A Study of Envafolimab in Subjects With Stage III Non-Small Cell Lung Cancer

Anhui Provincial Cancer Hospital

Status and phase

Not yet enrolling

Phase 2

Conditions

Non-small Cell Lung Cancer Stage III

Treatments

Drug: Envafolimab

Study type

Interventional

Funder types

Other

Identifiers

NCT05414630

SMA-NSCLC-009

Details and patient eligibility

About

This is a prospective, single arm, phase II study to evaluate the efficacy and safety of Envafolimab in subjects with locally advanced/unresectable (Stage III) non-small cell lung cancer that has not progressed after prior concurrent/sequential chemoradiotherapy.

Full description

Trial design: This is a single-arm, open-label trial in patients with locally advanced/unresectable (stage III) NSCLC who did not have disease progression after concurrent/sequential chemoradiotherapy to evaluate the efficacy of Envafolimab as a consolidation treatment of the efficacy and safety.

Background:The PACIFIC and GEMSTONE-301 studies have shown the efficacy of immunization as consolidation therapy in stage III NSCLC.

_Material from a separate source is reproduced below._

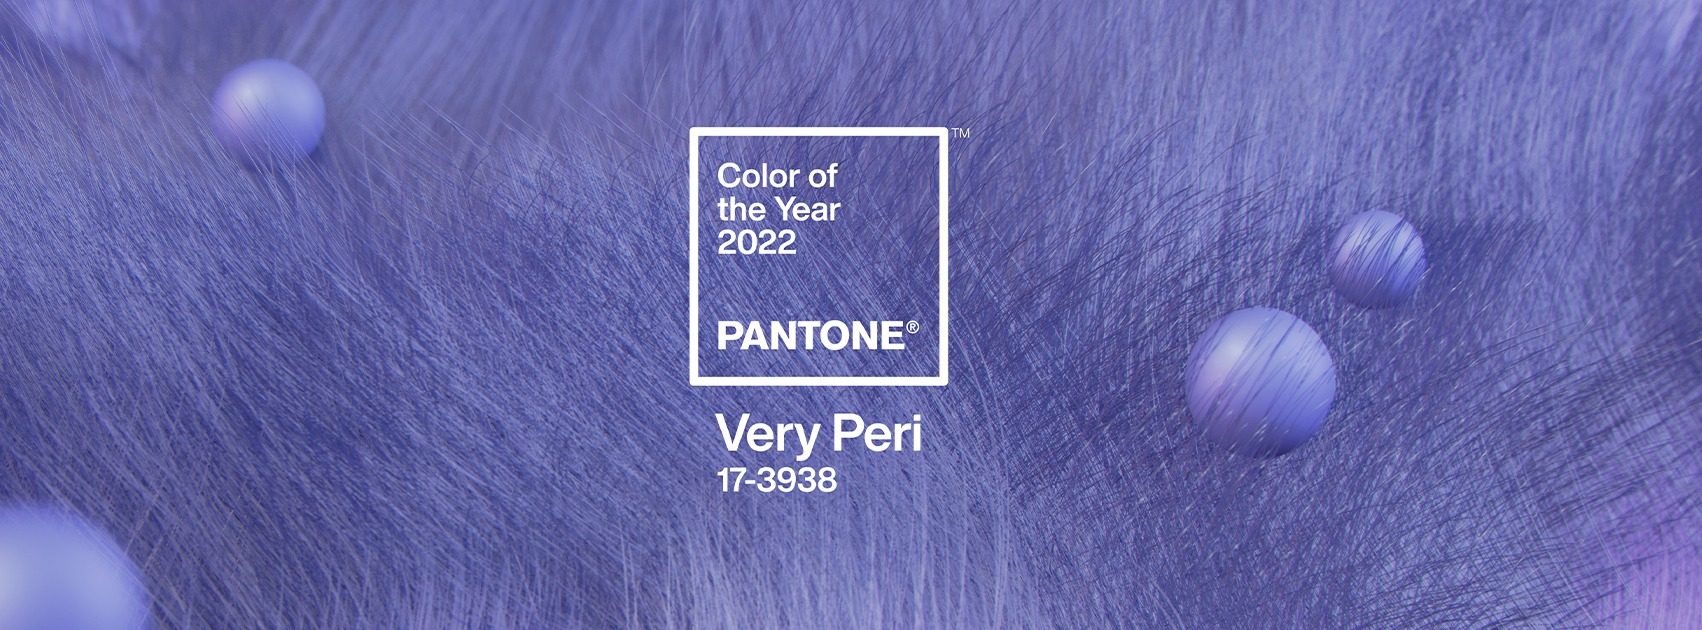 Pantone Very Peri 2022 colour of the year trends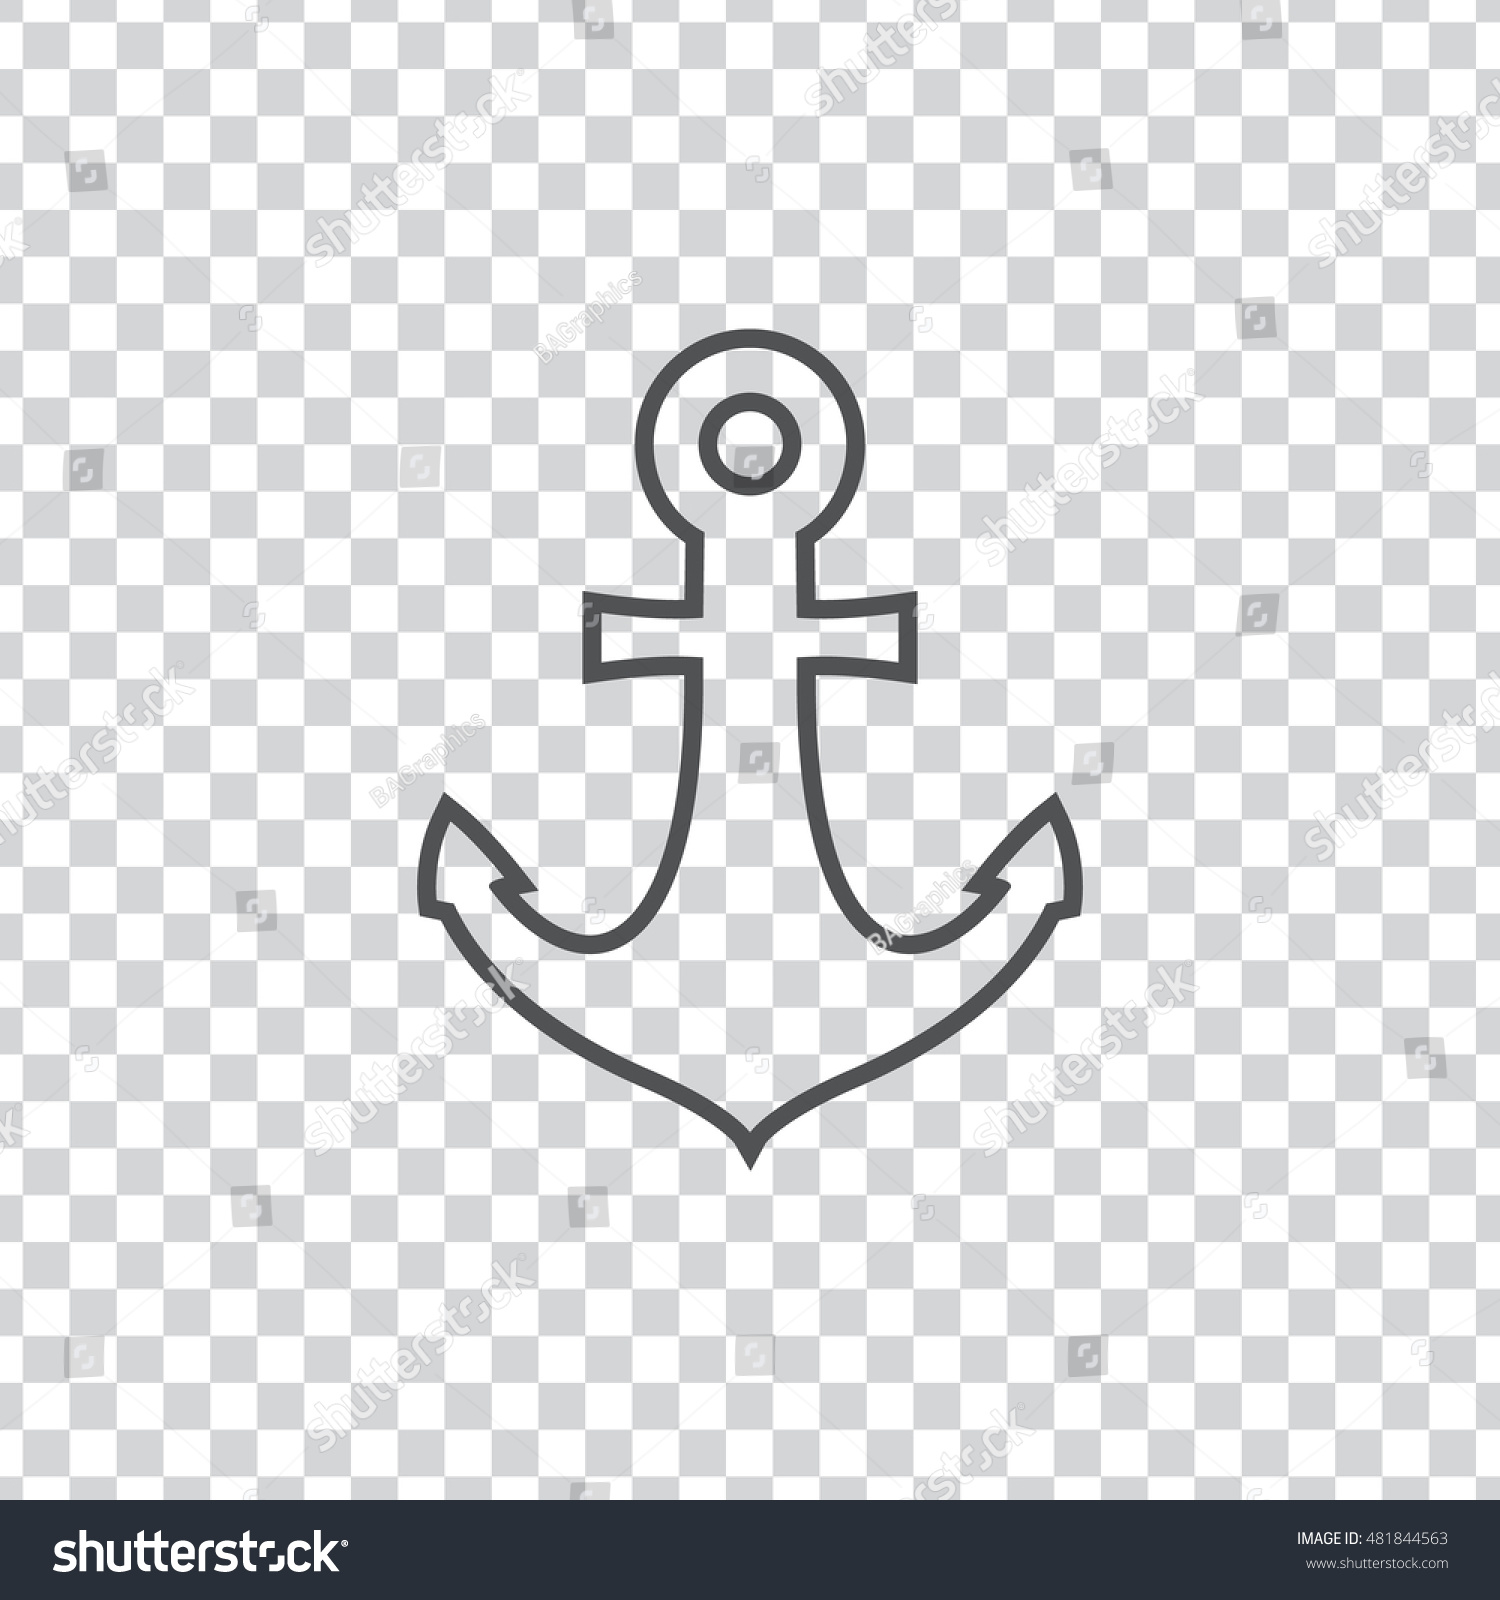 SVG of Anchor icon. Anchor clip art. Art design illustration. Compatible with ai, cdr, pdf, png and eps formats. Compatible with ai, cdr, jpg, png, svg, pdf, ico and eps. svg

Patients with stage III NSCLC who did not have disease progression after at least two cycles of concurrent/sequential chemoradiotherapy (including platinum) will receive Envafolimab (300mg, Q3W, subcutaneous injection) within 1-42 days after the end of chemoradiotherapy. The maximum duration of Envafolimab treatment is 2 years.

Enrollment

30 estimated patients

Sex

All

Ages

18+ years old

Volunteers

No Healthy Volunteers

Inclusion criteria

Age at least 18 years.
Have histologically confirmed locally advanced/unresectable stage III non-small cell lung cancer.
The first dose of Envafolimab will be administered within 1-42 days (including 42 days) after concurrent/sequential chemoradiotherapy is completed.
ECOG performance status 0-2.
Life expectancy ≥ 12 weeks.
Adequate organ function.
For female subjects of childbearing age, urine or serum pregnancy test shall be conducted before receiving the first study drug administration, and the result is negative.
The subject and the subject's sexual partner need to use a medically approved contraceptive measure during the study treatment period and within 6 months after the end of the study treatment period.
Willing to participate in this trial; fully understand and informed of this trial, and able to provide written informed consent form (ICF).

Exclusion criteria

Disease progression after concurrent/sequential chemoradiotherapy.
Has received a live vaccine within 28 days prior to the first dose of investigational product.
Major surgical procedure (as determined by investigators) within 28 days prior to the first dose of investigational product.
Known positive driver gene mutation, such as EGFR sensitive mutation, ALK gene translocation or ROS1 rearrangement.
Received any antibody/drug targeting T-cell coregulatory proteins (immune checkpoints), with a washout period of less than 28 days.
Known history of human immunodeficiency virus (HIV) infection and/or acquired immune deficiency syndrome.
Subjects at active phase of chronic hepatitis B or with active hepatitis C.
History of organ transplantation.
History of inflammatory bowel disease or active inflammatory bowel disease (for example Crohn's disease or ulcerative colitis).
Severe allergic reaction to other monoclonal antibodies.
Subjects with other conditions that in the investigator's opinion may influence subject's compliance or make subjects not suitable for participating in this trial.